In sum, can you please point me to the guidance on how to prorate the average loan balance by the months owned? And in this case, would the proper number of months be 11/12 and 4/12? Thank you!
Your calculations and prorations (11/12 and 4/12) all appear correct. In Publication 936 see examples 1 and 2 in the Average Monthly balance section (here and extracted below) to see proration examples.
Example 1.
In 1986, Sharon took out a first mortgage of $1,400,000. The mortgage was a 7-year balloon note and the entire balance on the note was due in 1993. She refinanced the debt in 1993 with a new 30-year mortgage (grandfathered debt). On March 2, 2022, when the home had a fair market value of $1,700,000 and she owed $500,000 on the mortgage, Sharon took out a second mortgage for $200,000. She used $180,000 of the proceeds to make substantial improvements to her home (home acquisition debt) and the remaining $20,000 to buy a car (home equity debt). Under the loan agreement, Sharon must make principal payments of $1,000 at the end of each month. During 2022, her principal payments on the second mortgage totaled $10,000.

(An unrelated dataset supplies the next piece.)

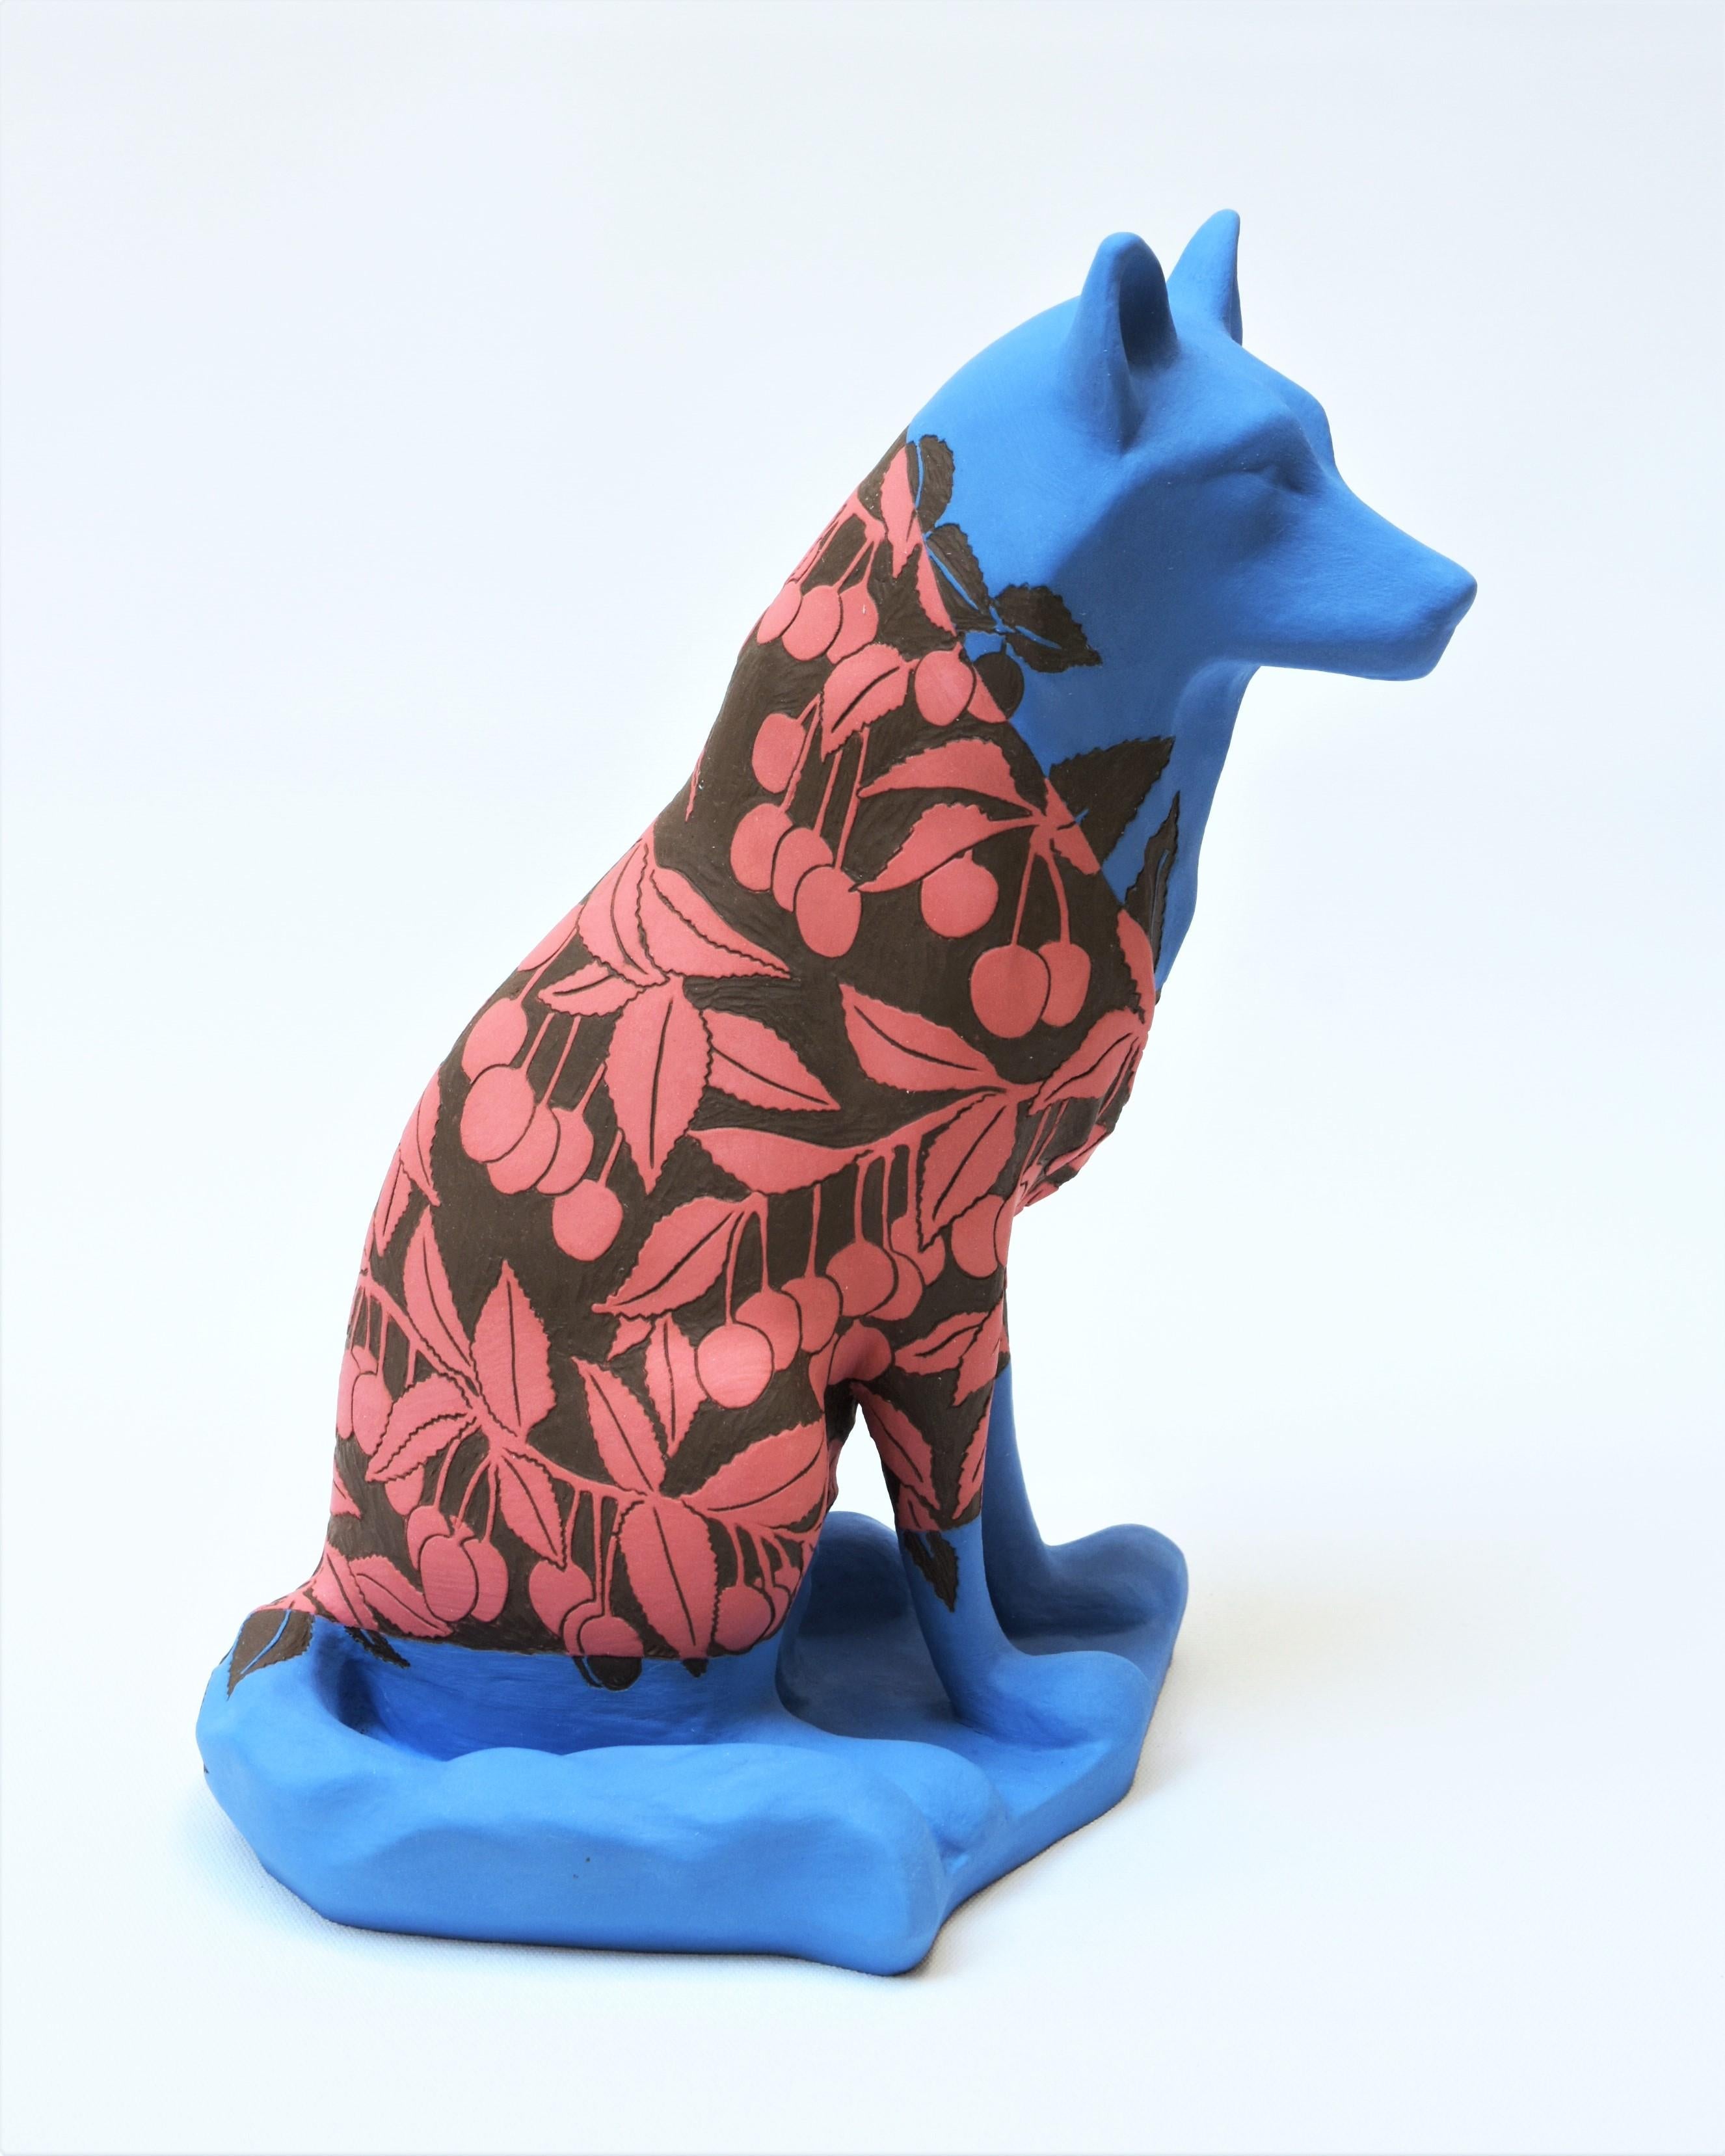 Sabina Pelc Figurative Sculpture - "Wolf - Cherry", unique animal sculpture, ceramic, sgraffito technique

To complete Table 1, line 7, Sharon must figure a separate average balance for the part of her second mortgage that is home acquisition debt. The January and February balances were zero. The March through December balances were all $180,000 because none of her principal payments are applied to the home acquisition debt. (They are all applied to the home equity debt, reducing it to $10,000 [$20,000 − $10,000].) The monthly balances of the home acquisition debt total $1,800,000 ($180,000 × 10). Therefore, the average balance of the home acquisition debt for 2022 was $150,000 ($1,800,000 ÷ 12).
Example 2.
The facts are the same as in Example 1. In 2023, Sharon's January through October principal payments on her second mortgage are applied to the home equity debt, reducing it to zero. The balance of the home acquisition debt remains $180,000 for each of those months. Because her November and December principal payments are applied to the home acquisition debt, the November balance is $179,000 ($180,000 − $1,000) and the December balance is $178,000 ($180,000 − $2,000). The monthly balances total $2,157,000 [($180,000 × 10) + $179,000 + $178,000]. Therefore, the average balance of the home acquisition debt for 2023 is $179,750 ($2,157,000 ÷ 12).